TO DO — What is needed is an exact copy of the whole listing below, with no pictures.

AVAILABLE DATA —
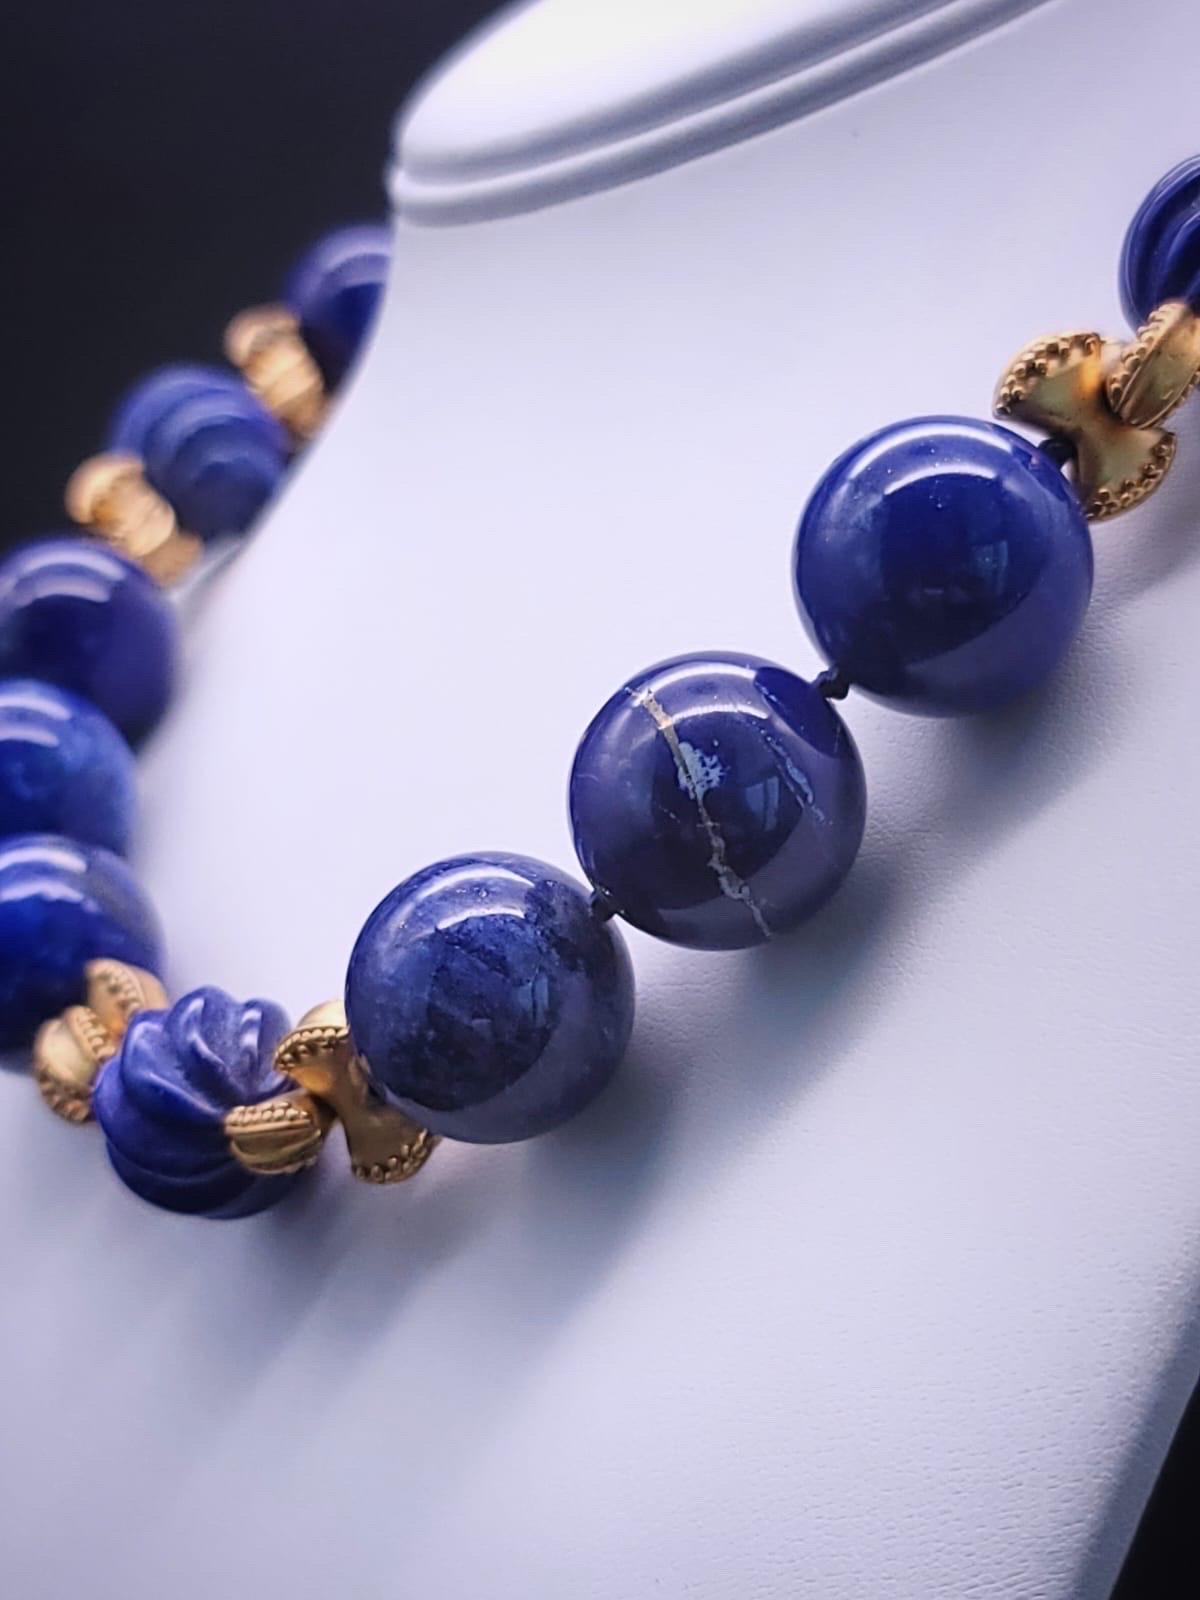 A.Jeschel Large Lapis Lazuli with vermeil knots necklace. 3
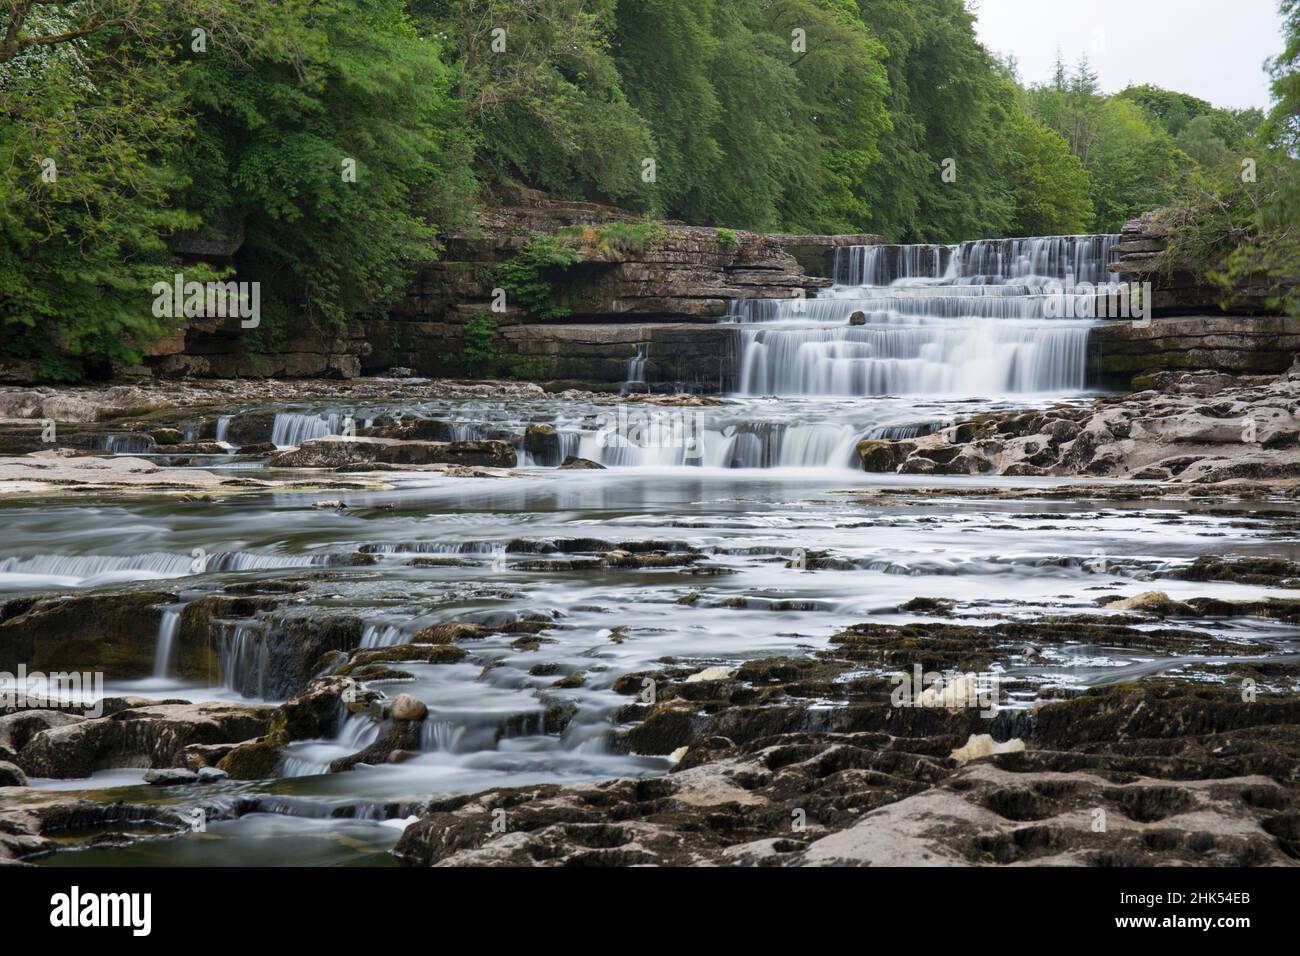 Lower Aysgarth Falls am Fluss Ure, in der Nähe von Leyburn, Wensleydale, Yorkshire Dales National Park, North Yorkshire, England, Großbritannien, Europa Stockfoto
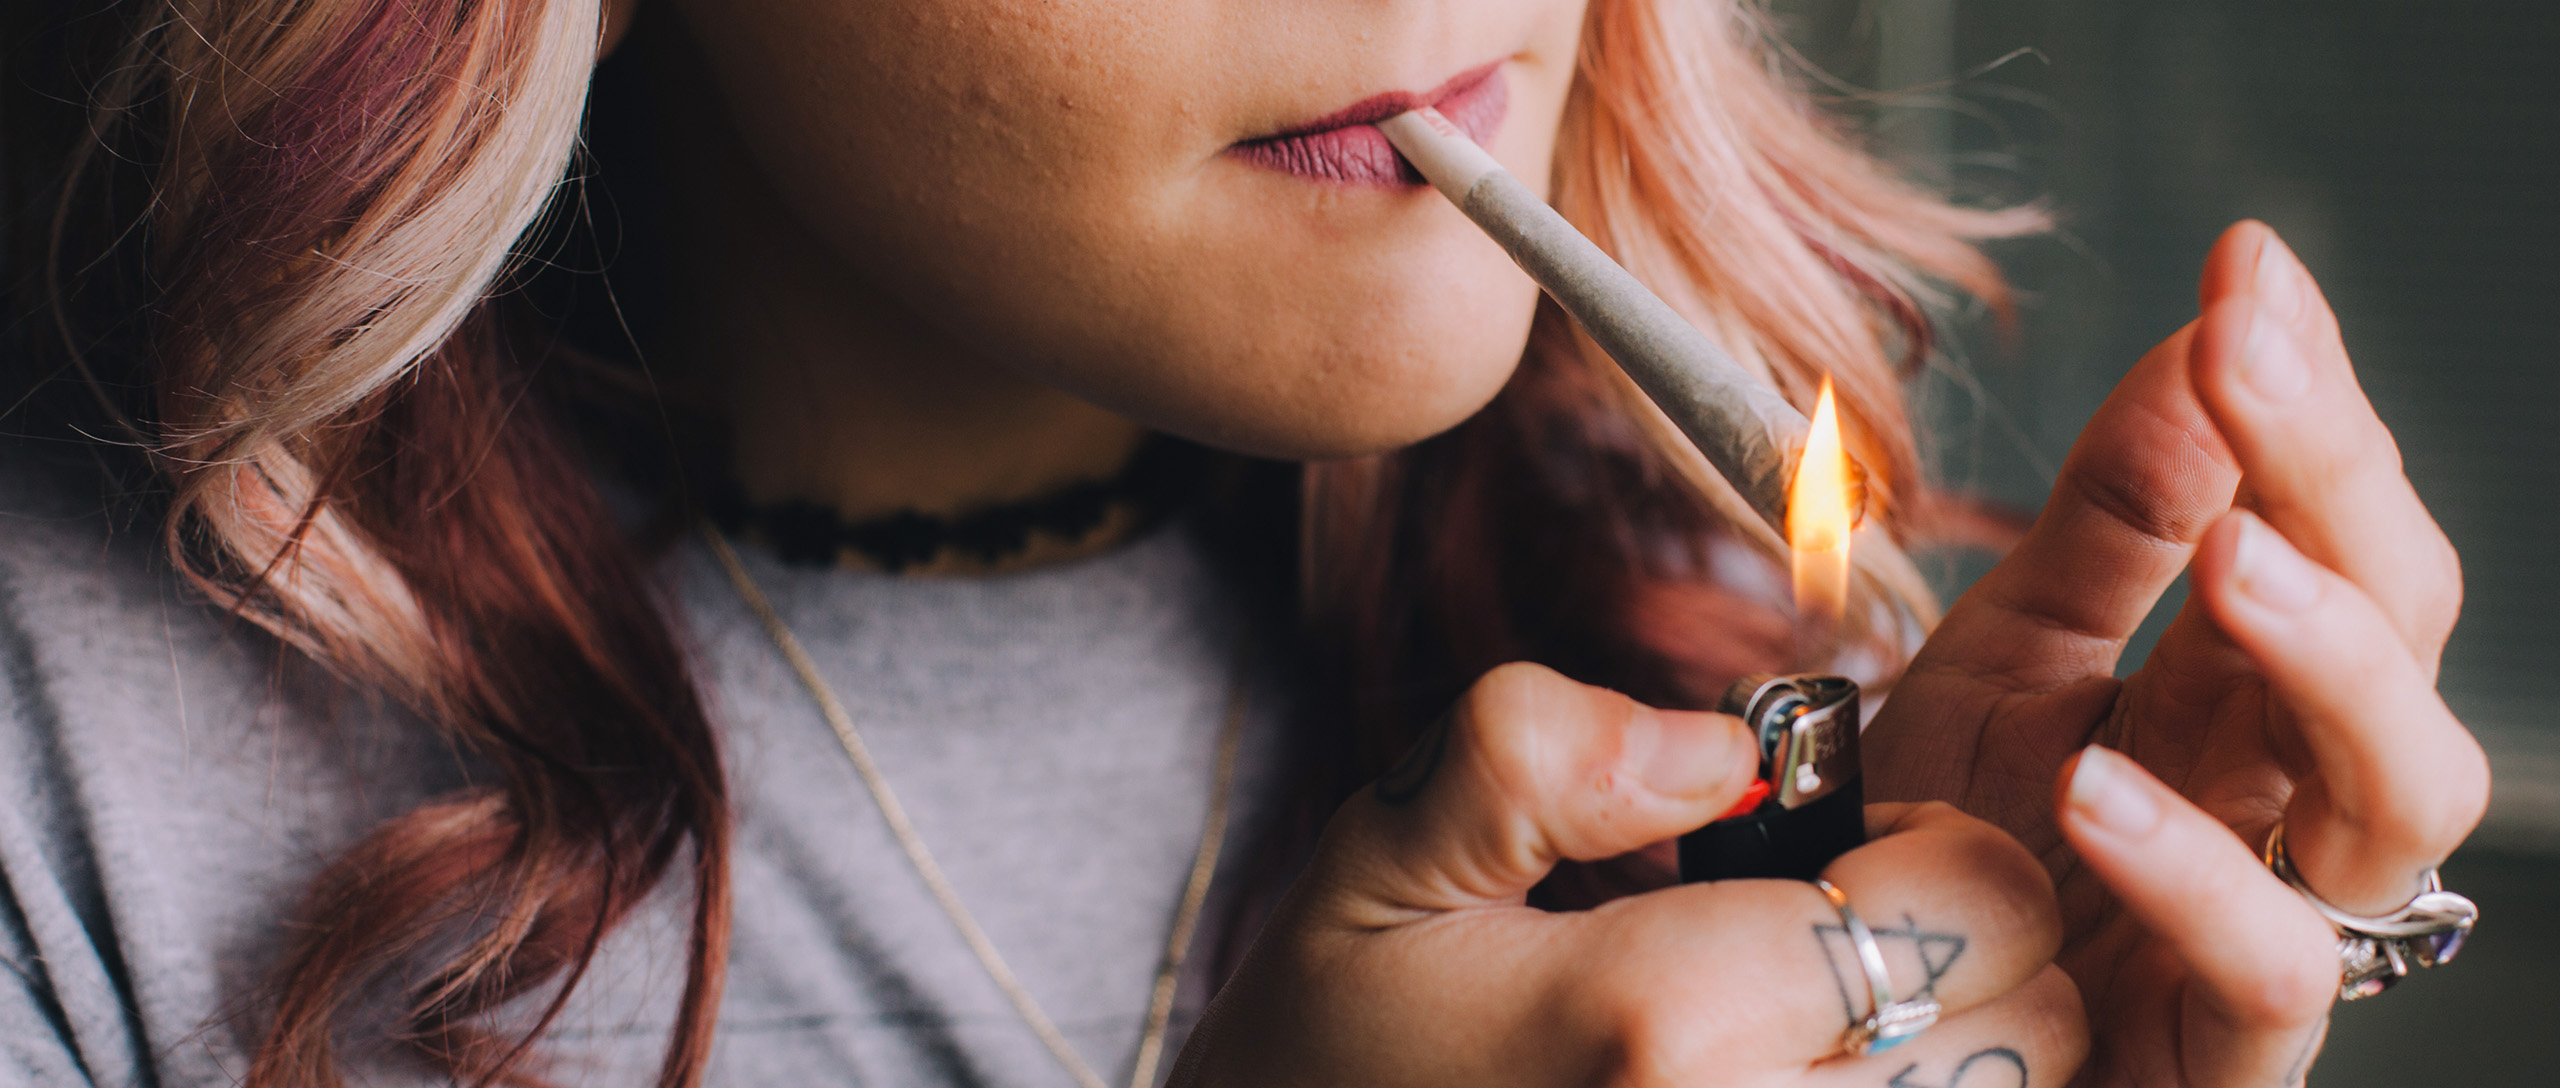 jeune fille qui fume du cannabis

EXERCISE RESPONSE —
 A.Jeschel Large Lapis Lazuli with vermeil knots necklace. 3
 Lower Aysgarth Falls am Fluss Ure, in der Nähe von Leyburn, Wensleydale, Yorkshire Dales National Park, North Yorkshire, England, Großbritannien, Europa Stockfoto
 jeune fille qui fume du cannabis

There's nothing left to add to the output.